I’m please to say that Rosie Hamilton form GetAgent has been kind enough to provide us with a very interesting guest post. It details how you can get the best value for money when selling a house.
Value for money when you’re selling a house comes down to two things: how much you spend to sell your home, and how much you end up actually selling your property for.
Once you subtract the final price you sell for from the amount you’ve had to spend in order to get there, you’ve got your walkaway figure, which is the money you’ve actually made from the sale. The higher that walk away figure is, the better value for money your home sale has been.
Selling a property is expensive: there are agent fees, legal fees, and removal costs, on top of any money you spend on making your home look good for the buyer.
So, how do you make sure the amount you’re left with from your home sale is as high as possible? The following tips provide advice on where you should focus your spending during your home sale, and where you can afford to cut back.
- Pick the right estate agent
Picking the right estate agent is perhaps the most important way of ensuring you get the best value for your money when selling your home.
There are thousands of estate agents operating all over the UK. Many appear to offer very similar services. But, research has shown that a good estate agent will not only get you the best price for your home, they will also sell it significantly faster.

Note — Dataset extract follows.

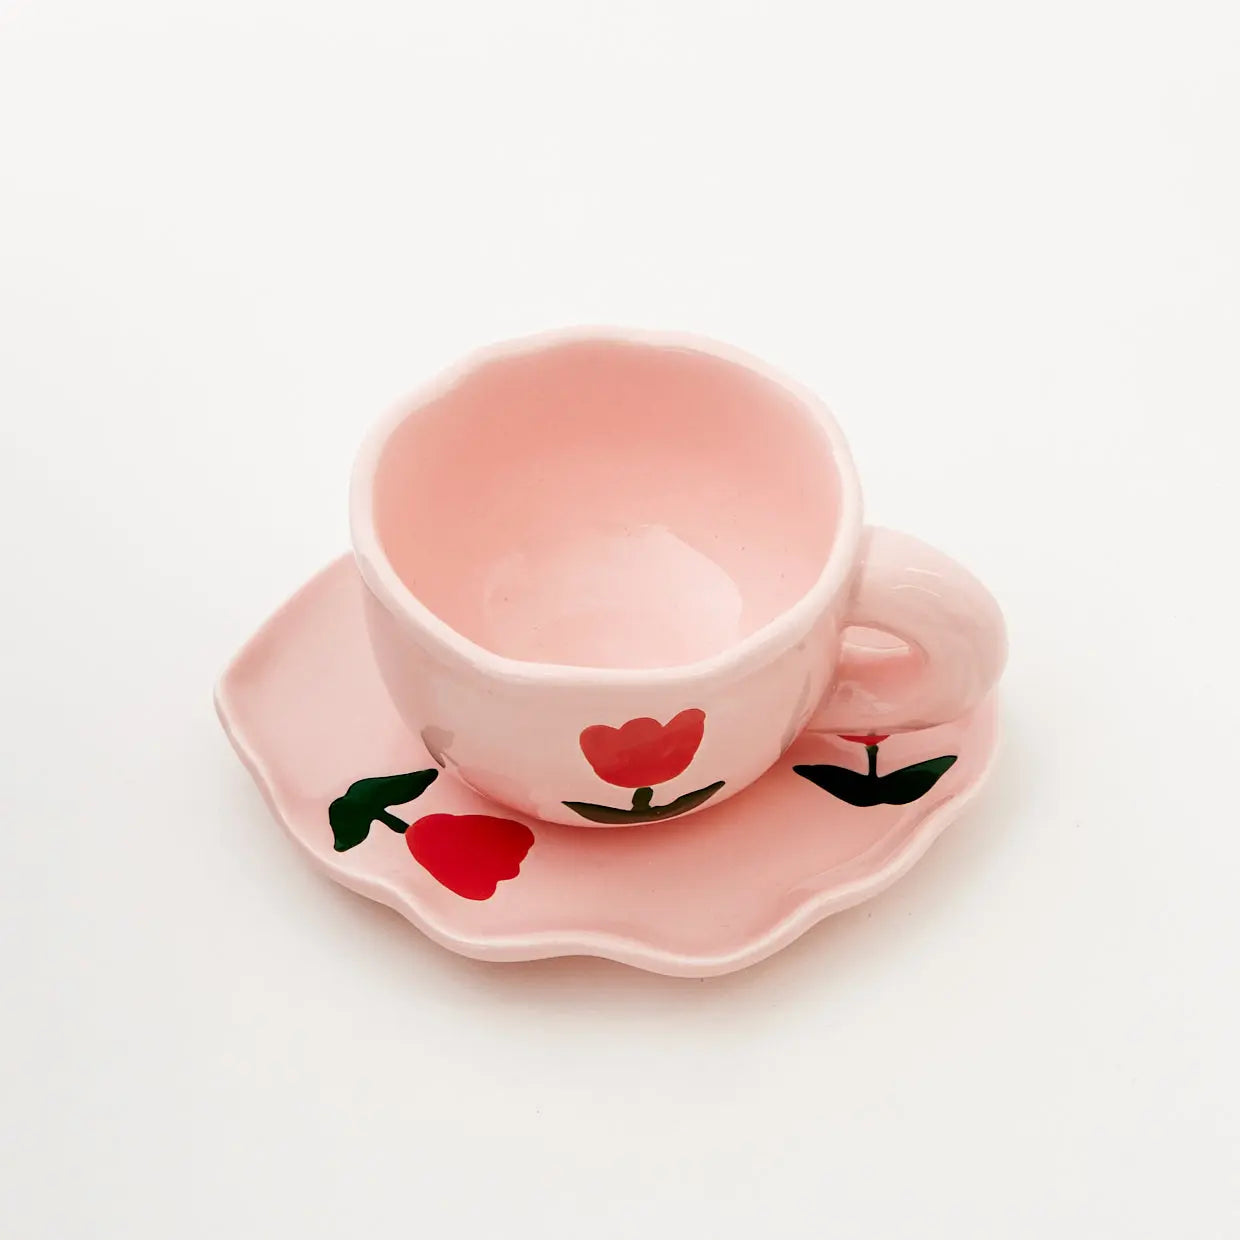 Tulip Ceramic Tea Cup and Saucer Pink - GigiandTom

There are plenty of average estate agents who’ll also get you a decent price, but it’s unlikely the difference between the results an average agent gets, and the best agents get, will justify their fee.
If this is the case, why wouldn’t you just pick the cheapest estate agent? It’s more than likely the agent will be able to get you an average price for your home, and you won’t have spent a load in fees. Won’t the value for money even out?
Say, for example, there are two estate agents. A charges 2% commission, and B charges 1.5%.
A is a significantly more experienced estate agent, and is able to mobilise their contacts with local buyers to drive up interest in your home. As a result two buyers put in offers, and have to bid against each other to purchase your home. In the end A is able to sell your home for £250,000. Taking off their 2% fee, you walk away with: £245,000.
In contrast B is an online agent with little experience in your local area. They attract some viewings through their online advert, but most of the feedback suggests the agent has overpriced your property. You have to lower the asking price, but eventually you get an offer of £215,000 from a buyer, the agent negotiates the offer up to £220,000. Taking off their 1.5% fee, you walk away with: £216,700.
Clearly, paying a little extra for a more experienced agent is better value for money.
But, how can you know how good an agent is before they actually sell your home? There are a range of free estate agent comparison tools available online. This one compares agents by area and is based completely on data from online property portals and the Land Registry.
- Do up your garden not your kitchen
If you’re going to do any home improvements before you put your home on the market, you’re probably keen to make sure they’re worth the time, effort, and most importantly cost. There’s no point spending hundreds (or thousands) of pounds on renovations, if you’re not going to make that money back. So, it’s important to be savvy with what improvements you choose to make.
For example, gardens can reportedly add up to 20% on the value of your property, and they’re likely to be one of the first things a buyer will see when they come and visit your home. This means it’s probably a good investment to make sure it looks it’s best.
Luckily many people find simple, low maintenance outdoor space more appealing, than complex, overly landscaped gardens. It’s both easier to imagine how you’d use a space if it’s a ‘blank canvas’, and is less off-putting to those buyers that don’t have a particularly green thumb.
Similarly, kitchens are also a key selling point, and are traditionally seen as the thing you should focus on if you want to maximise the price you get for your home. However, they are also one of the most expensive things to fully update – and you’re not guaranteed to get a return on your investment.
If your kitchen needs a bit of a refresh, focus on the cheaper (but slightly more time intensive) upgrades. For example, repainting cabinets, and replacing handles, thoroughly cleaning, and fixing anything like leaking taps, or cracked tiles. This will make your kitchen look in better shape, but is much cheaper than a full renovation.
- Shop around
When you’re selling a property, it’s common for your estate agent or solicitor to recommend partner services to you. In many cases, they will get a referral fee from the provider if you choose to work with them, and this can be added to the amount you end up paying. If you want to ensure you’re getting the best value for money, take the time to shop around for the best deals.
For example, Purplebricks and Yopa both offer to arrange EPCs for homesellers for around £85. But, with a bit of shopping around you can get an EPC for between £35 and £50.
Similarly, if you’re selling a property in Scotland, you shouldn’t expect to pay more than £400-700 for a Home Report, unless your home is particularly unusual or large. When you’re looking around, avoid options that include a mortgage valuation. Often these cost more, and most lenders will want to use their own surveyor anyway, so it adds very little benefit to you.